Processo constituinte no Chile: entre a fadiga e a saturação
Todos nós vivenciamos a fadiga pandêmica. E nós, chilenos, também conhecemos a fadiga constitucional. Após o despertar social de outubro de 2019, 80% dos eleitores decidiram iniciar o processo para uma nova Constituição, agora redigida em um regime democrático, para substituir a de 1980, escrita durante a ditadura de Pinochet e reformada em 2005 durante o governo de Ricardo Lagos.
Já estamos na segunda tentativa. A primeira fracassou quando, em setembro do ano passado, 62% dos eleitores decidiram rejeitar a proposta elaborada pela Convenção Constitucional. Assim, o Chile se juntou ao pequeno grupo de 6% dos países que rejeitaram uma proposta de Constituição em um referendo democrático.
A partir de então, teve início uma árdua e frágil negociação que culminou com um novo processo. O anterior fracassou por vários motivos e um deles é central: o caráter partidário de sua proposta e o distanciamento de seu conteúdo do senso comum do corpo político chileno.
Todos os chilenos agora se perguntam se teremos sucesso na nova rodada. As regras do novo processo parecem dar garantias suficientes para chegar a um texto apartidário e de aprovação ampla e massiva, não estivéssemos sofrendo de uma fadiga constitucional.
O resultado é um alto nível de desconfiança e baixa crença no futuro do processo. Uma combinação arriscada, que se traduz em desinteresse cético. Acrescente-se a isso que o Conselho Constitucional ficou sob o controle de um único setor político, como no processo anterior, só que agora de lado contrário, à direita. Além disso, um novo partido de extrema-direita ganhou assentos suficientes para ter poder de veto. Se o próximo texto também for partidário, corre o risco de ser rejeitado novamente.

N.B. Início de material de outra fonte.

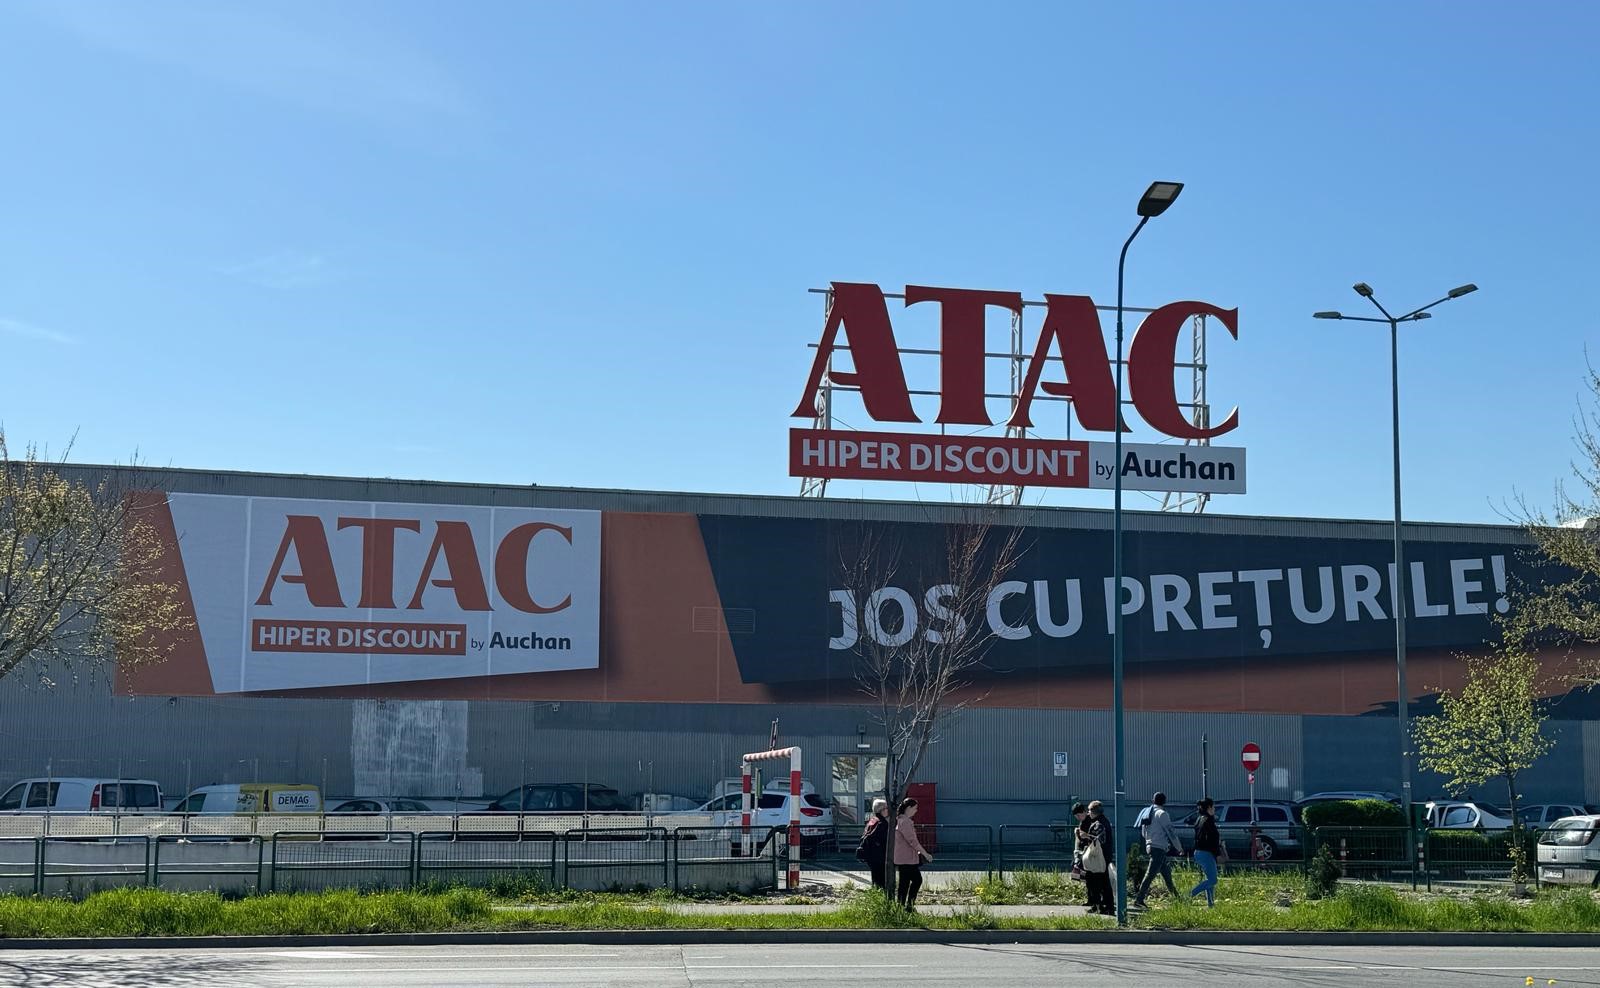 Mişcare surpriză de la Auchan: Retailerul deschide în România ATAC Hiper Discount, un nou brand de hipermarketuri unde plăteşti mai puţin în funcţie de câte produse cumperi

O novo processo foi definido sob regras muito diferentes do anterior. A primeira diferença é que o órgão eleito, o Conselho Constitucional, não trabalhará sobre uma folha em branco, mas sobre um projeto elaborado por uma Comissão de Especialistas indicada pelo Congresso. Essa etapa foi concluída no último 6 de junho.
A segunda, é que o quórum para aprovação de normas constitucionais caiu de 2/3 para 3/5.
A terceira, é que haverá uma votação final em cada etapa da redação do texto integral e não apenas das regras individuais.
A quarta, é que a Constituição deve conter alguns elementos mínimos, chamados bases constitucionais, cuja ausência pode ser alegada perante uma entidade externa de natureza técnica.
A quinta e última diferença, é que, face a divergências de opinião entre o Conselho Constitucional e a Comissão de Especialistas, a balança pende ligeiramente a favor desta última.
O trabalho da Comissão foi excepcional em termos de forma e substância. Houve arestas, mas sem perder o espírito cívico, resultando em um texto acordado que gera um consenso político transversal.
Entretanto, as forças do Conselho Constitucional manifestaram interesse em confrontar o texto e como seu trabalho apenas começou, ainda não sabemos ao certo se prevalecerá o espírito de acordos amplos ou a tensão de convicções irreconciliáveis. Eles só têm até 17 de novembro para processar suas diferenças e apresentar uma nova proposta para ser votada em 17 de dezembro.
O Conselho tem o desafio de não aumentar a fadiga constitucional, regenerar o interesse positivo dos chilenos no processo e propor um texto que gere amplo apoio da população, que nos permita sair da disputa constitucional. Se não der certo, entraremos em um caminho que poucos hoje ousam traçar: da fadiga podemos ir para a saturação.